Credit: Helen Weedon
And increasingly even in our subjects, as other sciences have already done, large problems are being tackled by teams not individuals, integrating different voices and viewpoints. But this is more expensive to do and to do well and equitably, and we must break the cycle of low funding leading to low return and ever lower expectations.
Quality-related research is crucial for the basic health of arts and humanities, but we have to learn from our colleagues how targeted funding is critical to winning arguments for our flourishing.

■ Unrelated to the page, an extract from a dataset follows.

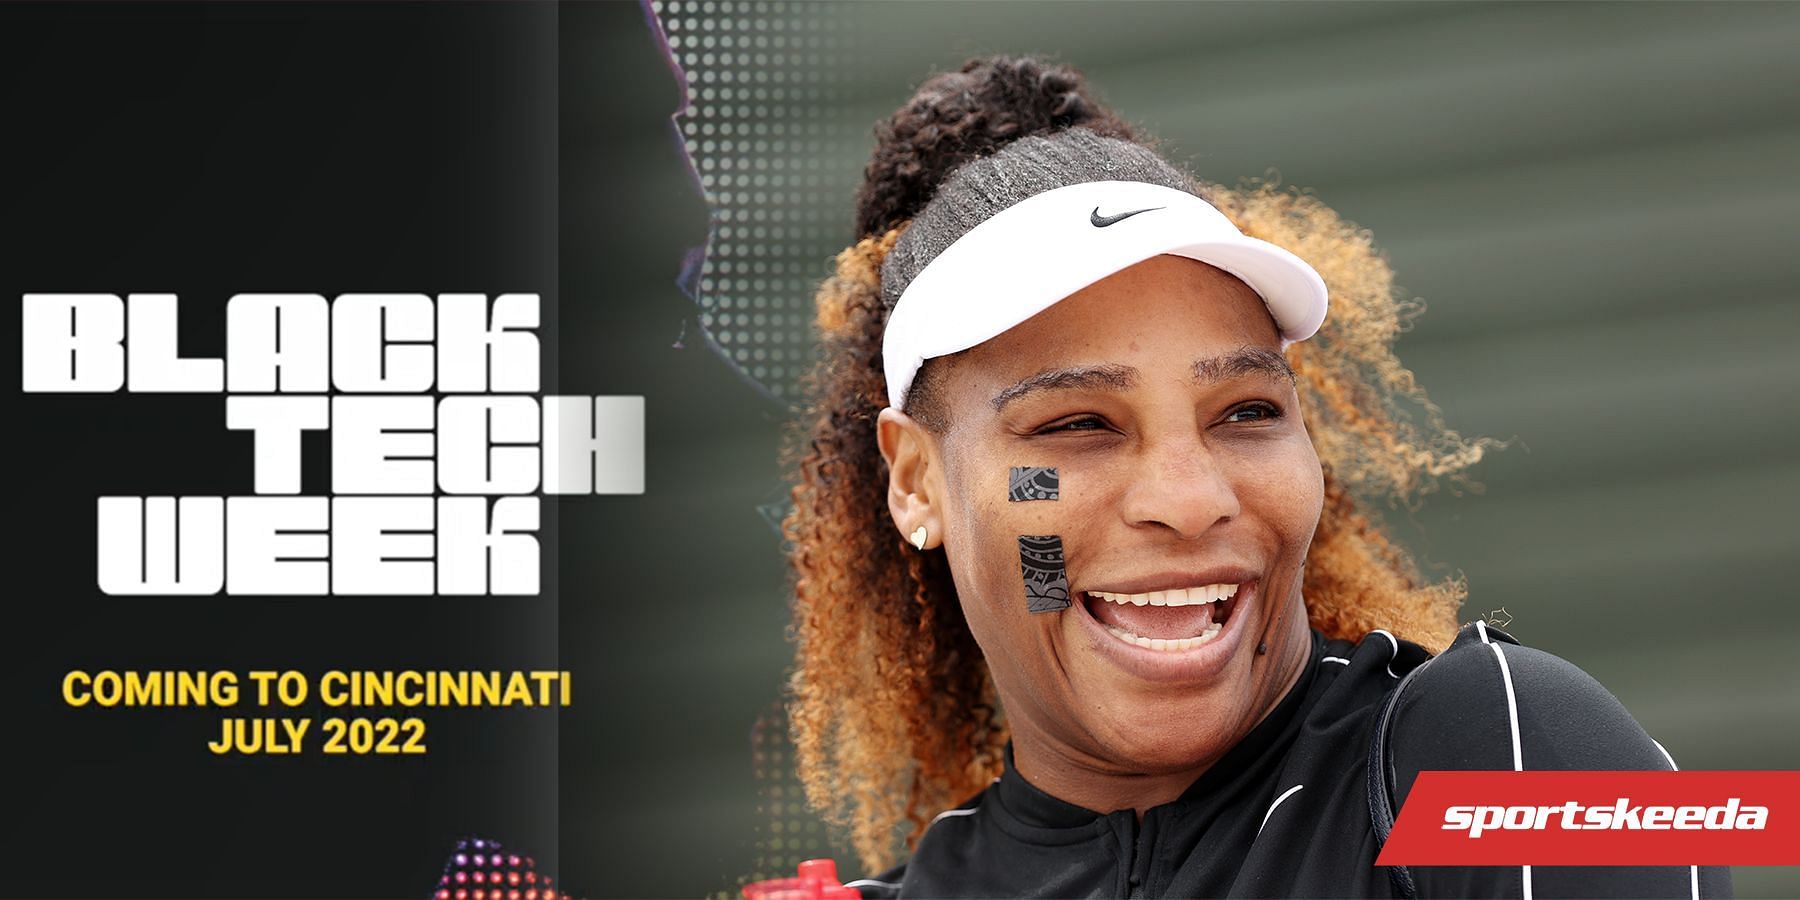 Serena Williams will be the keynote speaker at Black Tech Week.

Sketching the path to a better future
The first project I saw as incoming Executive Chair at AHRC was the partnership with the V&A museum to work on the Glastonbury Festival archive. Building on long standing links, this was a perfect way to work with an independent research organisation to secure the long-term future and research potential of a unique 50-year record of:
- social history
- changing fashion and ideas
- the influence of music.

Credit: Helen Weedon
Earlier this summer, in my first visit to a museum after re-opening, I saw the archives showcased brilliantly throughout the V&A standing collection:
- the documents of an open-air festival in counterpoise to Constable’s paintings of fields
- portraits of faces from the last fifty years in a gallery of portraits from two hundred years ago.
I saw it with curators and a group of wonderful, enthused and fired up students from London Southbank University who had worked on the material. And I remembered then, as I remind myself every day, that this job isn’t just about arts and humanities as disciplines. It is about us as humans:
- cherishing those who have gone before
- finding a way through the challenges we face now
- sketching the paths to a better future for us all.